Excitation spectra of the HAR, HAR+PAR and wideband clean stimuli shown in Fig. 4.
Procedure
The listening tests were conducted using a PC connected to a Tucker-Davis system 3. Stimuli were played monaurally to the subjects through Sennheiser HD 250 Linear II circumaural headphones at a comfortable listening level. The subjects were seated in a double-walled sound-attenuation booth (Acoustic Systems, Inc.). To familiarize each subject with the stimuli, a training session was administered prior to the formal testing, and each subject listened to EAS-processed speech stimuli during the training session, which typically lasted about 15 to 20 min. During the testing session, the subjects were instructed to type the words they heard in a Matlab Graphic User Interface (GUI) program. In total, there were 12 testing conditions (=4 SNR levels ×3 processing methods). For each condition, two lists of sentences were used, and none of the lists were repeated across the testing conditions. The conditions were presented in random order for each subject. The subjects were allowed to take breaks at their leisure and no feedback was provided after each testing condition.
Results
The mean percent correct scores for all conditions in EAS processing are shown in Fig. 6. Performance was measured in terms of percent of words identified correctly (all words were scored). The scores were first converted to rational arcsine units (RAU) using the rationalized arcsine transform proposed by Studebaker (1985). To examine the effect of SNR level and type of harmonic structure (main harmonics only vs. main harmonics plus adjacent partials, i.e., HAR vs. HAR+PAR) regenerated, we subjected the RAU-converted scores to statistical analysis using the converted score as the dependent variable, and the SNR level and type of harmonic structure as the two within-subjects factors. Analysis of variance (ANOVA) with repeated measures indicated significant effects of SNR level [F(3,18)=39.95,p<0.0005] and type of harmonic structure [F(2,12)=81.41,p<0.0005]. There were significant between-factor interactions between SNR level and type of harmonic structure [F(6,36)=34.61,p=0.01].
Figure 6.
Mean percent correct scores as a function of SNR level.

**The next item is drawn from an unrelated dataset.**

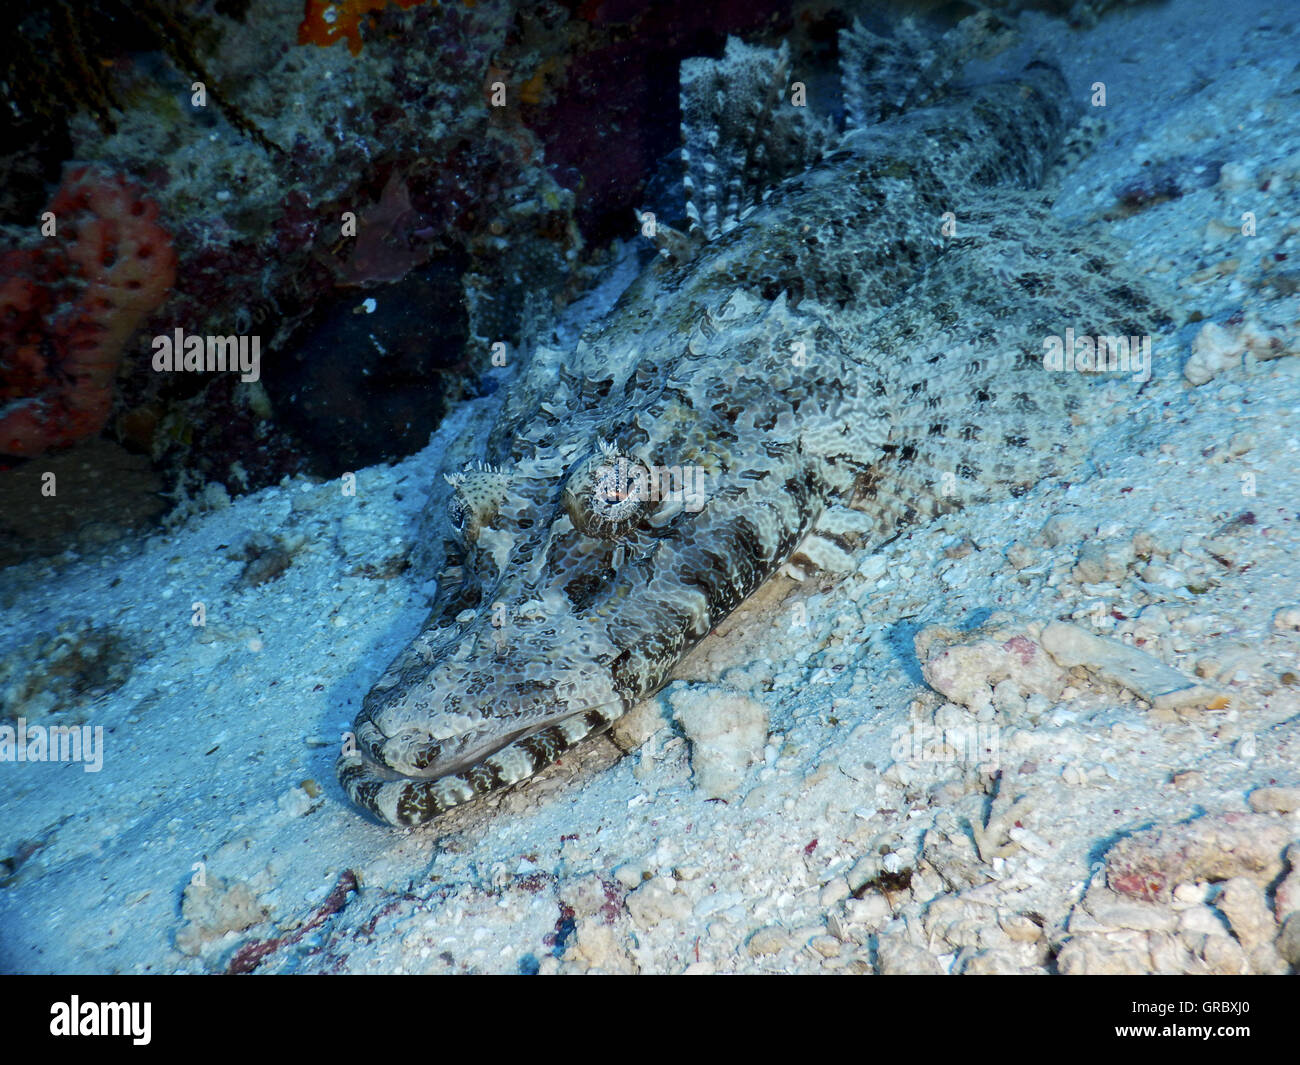 Flathead On Sand. Selayar, South Sulawesi, Indonesia - Stock Image

The error bars denote ±1 standard error of the mean.
Multiple paired comparisons, with Bonferroni correction, were run between the converted scores obtained in the various conditions. The Bonferroni corrected statistical significance level was set at p<0.017 (α=0.05). The results are shown in Table 2. The comparisons indicated no statistically significant differences between the HAR and EAS scores at all three SNR levels, suggesting that regenerating the main harmonics alone cannot provide benefits with EAS processing for telephone speech in steady-state noise. The scores obtained with the HAR+PAR stimuli were significantly higher than those obtained with EAS at various SNR levels, suggesting that regenerating the signal’s main harmonics and the neighboring partials below 600 Hz can improve the benefits with EAS processing for telephone speech in steady-state noise. Figure 6 also shows pilot data collected with three subjects for the perception of EAS-vocoded clean telephone speech, and there appears to be a ceiling effect for the three processing conditions.
Table 2.
Multiple paired comparisons between the converted scores obtained in the various conditions for EAS processing. ** indicates significantly higher, with Bonferroni corrected p<0.017, α=0.05.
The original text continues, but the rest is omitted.